Cameroun: « Entre 6 000 et 7 000 armes détenues par des personnes non habilitées »

interview

Atanga Nji Paul, ministre de l'Administration territoriale.

Monsieur le ministre, qu'est-ce qui est reproché aux responsables des armureries que vous avez rencontrés la semaine dernière ?

Il faut rappeler d'emblée, que nous avons rencontré ces personnes sur instructions du président de la République, en rapport avec la circulation des armes au Cameroun. Les différents rapports qu'il a reçus font état d'une disparité entre les autorisations délivrées par les responsables compétents de mon département ministériel et le nombre d'armes en circulation.

Depuis trois ans, moins de 700 autorisations ont été délivrées. Mais nous avons entre 6 000 et 7 000 en circulation et détenues par des personnes non habilitées. Ajouté à cela, le trafic illicite des armes, la fabrication des armes artisanales. Des activités encadrées, mais qui font parfois l'objet d'un exercice illégal. Nous avons depuis engagé une phase de sensibilisation des différents acteurs concernés. Les armuriers ont des licences pour la vente des armes. Il s'agit des armes à poing et des armes de chasse, y compris les munitions.

Lorsque l'autorité administrative délivre une autorisation pour l'achat d'une arme de chasse, il n'est pas possible d'acheter une arme de poing. Or, il y a une confusion parfois entretenue. On trouve des armes entre les mains de personnes à la moralité douteuse qui les achètent parfois chez des armuriers. Il était temps de faire un rappel à l'ordre et placer chacun devant ses respon- sabilités. Ce secteur emploie environ 30 000 Camerounais, ce qui a amené à suspendre l'interdiction de 2018.

Pourquoi décidé de l'interdiction de la vente des armes traumatiques qui sont des armes de défense ou d'auto- défense ?

Ce sont des armes extrêmement dangereuses qui ont parfois servi à des braquages. Ici, l'on n'a pas besoin d'une autorisation pour leur acquisition. A vue d'œil, elles ressemblent à des armes de guerre. Si vous avez trois ou quatre personnes qui vous surprennent dans une boutique ou un restaurant, munies de ces engins, le temps que vous réalisez qu'il s'agit d'armes traumatiques, ils auront eu le temps d'opérer leur forfait. Il y a malheureusement eu plusieurs cas de braquages avec ce type d'armes. Comme mesure conservatoire, les gouverneurs de régions et les préfets ont été instruits d'interdire leur vente. Aux armuriers, il a été demandé de faire le point des stocks disponibles. Un rapport va être adressé au président de la République et au Premier ministre, chef du gouvernement sur la conduite à tenir concernant ce type d'arme.

Qu'est-ce qu'il en est des contrôles de votre département ministériel sur ce secteur ?

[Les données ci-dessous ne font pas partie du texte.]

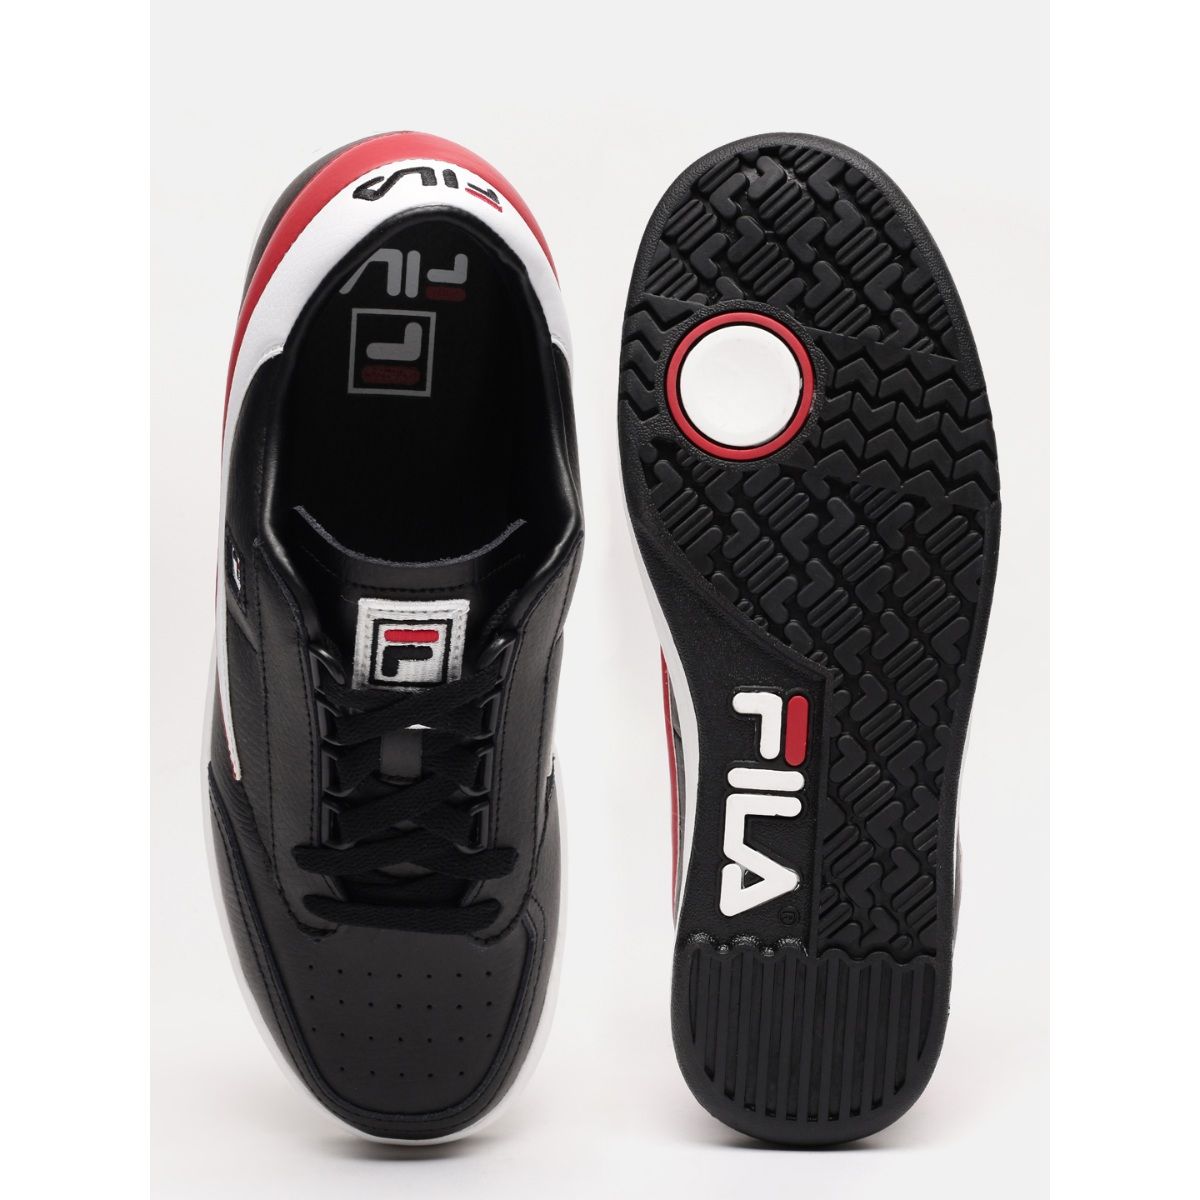 Fila Original Fitness Men's Sneakers Black/White/Red

Des contrôles sont faits de manière régulière sur le terrain. Ceux-ci seront plus rigoureux et plus stricts. Pendant un certain temps, les armureries ont fonctionné sans des contrôles réguliers, d'où les dysfonctionnements qui ont été observés. Les propriétaires des armureries ont désormais l'obligation de produire les fichiers de tout ce qu'ils importent et de tout ce qui est vendu, et à qui cela est vendu.

S'il arrive qu'au cours d'un contrôle, il n'y a pas de traçabilité sur la résidence d'un acheteur, ce sera un motif suffisant pour fermer une armurerie temporairement et même jusqu'à la suspension définitive de la licence donnant droit à l'exercice de cette activité. Nous sommes là pour assurer la sécurité des personnes et de leurs biens.

Que deviennent les armes acquises légalement, mais dont les propriétaires ne sont plus en vie ?

Il faut être clair : dès qu'un propriétaire d'une arme décède, celle-ci doit être remise à l'administration. Si l'un des parents du défunt a besoin de cette arme, il doit faire une demande qui va être étudiée, notamment en ce qui concerne sa moralité et sa capacité à garder celle-ci. Nous avons malheureusement des cas de personnes décédées, et dont les armes circulent d'une personne à une autre.

Ce qui est illégal. L'autorisation est intuitu personae, c'est-à-dire individuelle et non cessible. L'autorisation est délivrée sur la base d'une enquête de moralité qui commence chez le sous-préfet. En trois ans, nous avons reçu 18 000 demandes d'autorisation de port d'armes. Moins de 700 ont reçu un avis favorable. C'est pour dire que le port d'arme n'est pas un jeu. Lorsque des négligences sont constatées, la responsabilité des armuriers qui ont vendu les armes en question, et des autres acteurs est engagée.